Ты не мог просто сразу получить апостасию?
Ксендз обратился к установленной процедуре, которую распечатал заранее на листик. Он тоже подготовился к встрече. Проинформировал меня, что нельзя получить апостасию в тот же самый день, когда проводилась первая беседа. Он признал, что главной целью является удержание потенциального вероотступника среди других ягнят стада. Я понимал это, но все равно не понимал, как можно смотреть на мир так однобоко: все для него было либо белое, либо черное. Каждый раз, когда он бросал слова из разряда «добро», «зло» или «грех», у меня было такое впечатление, что он говорит о какой-то далекой галактике. До моего оппонента не доходило, что могут существовать люди, которые смотрят на мир иначе. Тем не менее атмосфера была спокойной, иногда даже шутливой.

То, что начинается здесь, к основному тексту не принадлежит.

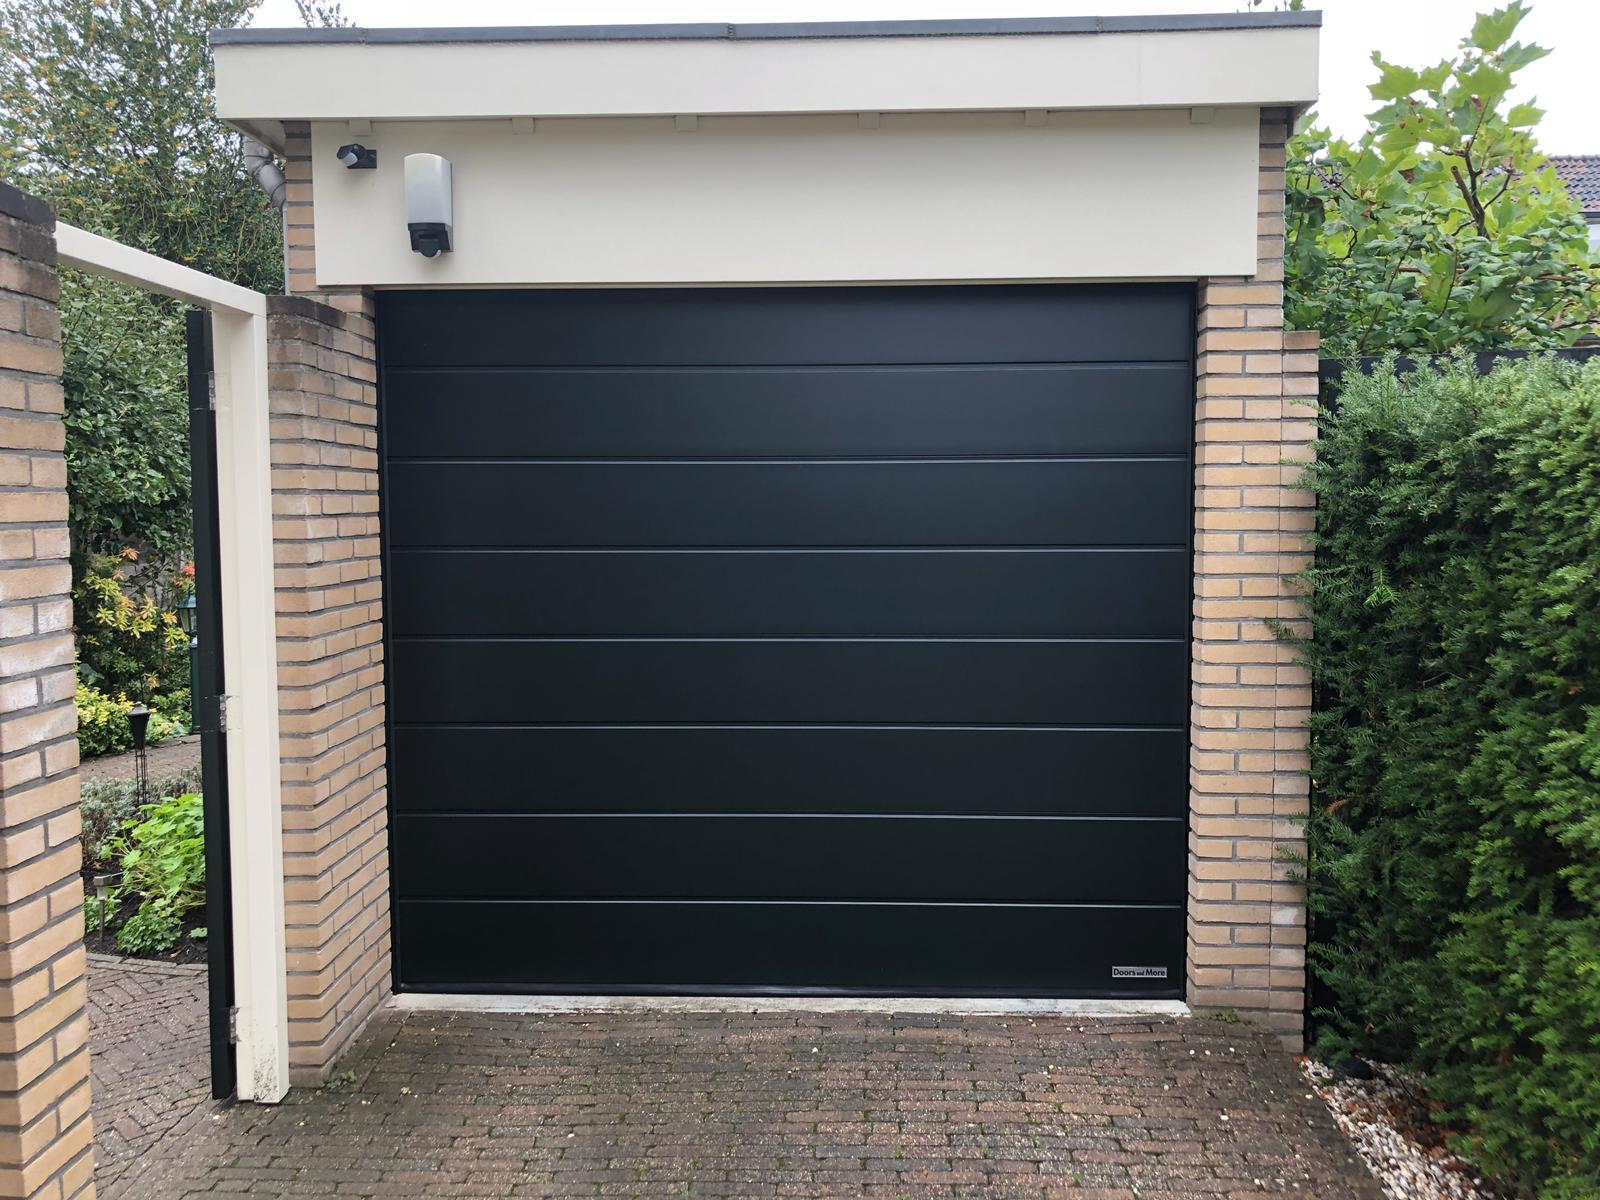 Hormann Elektrische Garagedeur 949 Doors And More In Eemnes

Какие аргументы он приводил?
Утверждал, например, что что-то в этом должно быть, если люди две тысячи лет верят в Христа и придерживаются католической доктрины. Я отвечал ему, что у меня есть друг друид, который придерживается традиции, более древней, чем христианство, и чувствует себя прекрасно. И что? Мы все должны принять веру кельтов?
Священник признал, что ты прав?
Себе под нос буркнул, что его предупреждали, что с этим Дарским не будет никакого сладу, что я хитрый зверь. Но он не поддавался, переубеждал, иногда серьезно, иногда в шутку. Я отбивал подачи, но в основном улыбался и благосклонно кивал. Потому что апостасию я получил уже давно, в сердце. В конце концов, пастору надоел этот пинг-понг и, посмотрев мне в глаза, он сказал: «Вот и встретились два упрямых осла». Он видел, что ни на что не повлияет, но, несмотря на это, все время повторял, что я должен еще раз подумать.
Он надеялся на чудо. В конце добавил еще, что моя апостасия ничего не изменит, потому что крещение смыть нельзя… И что с того? Хотелось символически перерезать пуповину. Я предложил в скором времени встретиться, но он и слышать не хотел о таком коротком сроке, хотел дать мне время подумать… Мне его не требовалось. Я уперся, а он в конце концов сдался. Мы договорились созвониться через две недели.
Он поднял трубку?
Провидение следило за мной. Я позвонил ему одиннадцатого июня, на следующий день после моего тридцатипятилетия. Священник заговорил о футболе. Это был понедельник, а во вторник должен был состояться матч: Польша против России. Он спросил, какой результат я предвижу. Я ничего не понимаю в футболе и не люблю этот вид спорта, к тому же Нострадамус из меня никакой, но для всеобщего спокойствия я ответил, что нам всадят четыре против одного. Он предложил мне шуточное пари. Хотел, чтобы мы перенесли апостасию, если я промахнусь на три гола… Азартный игрок.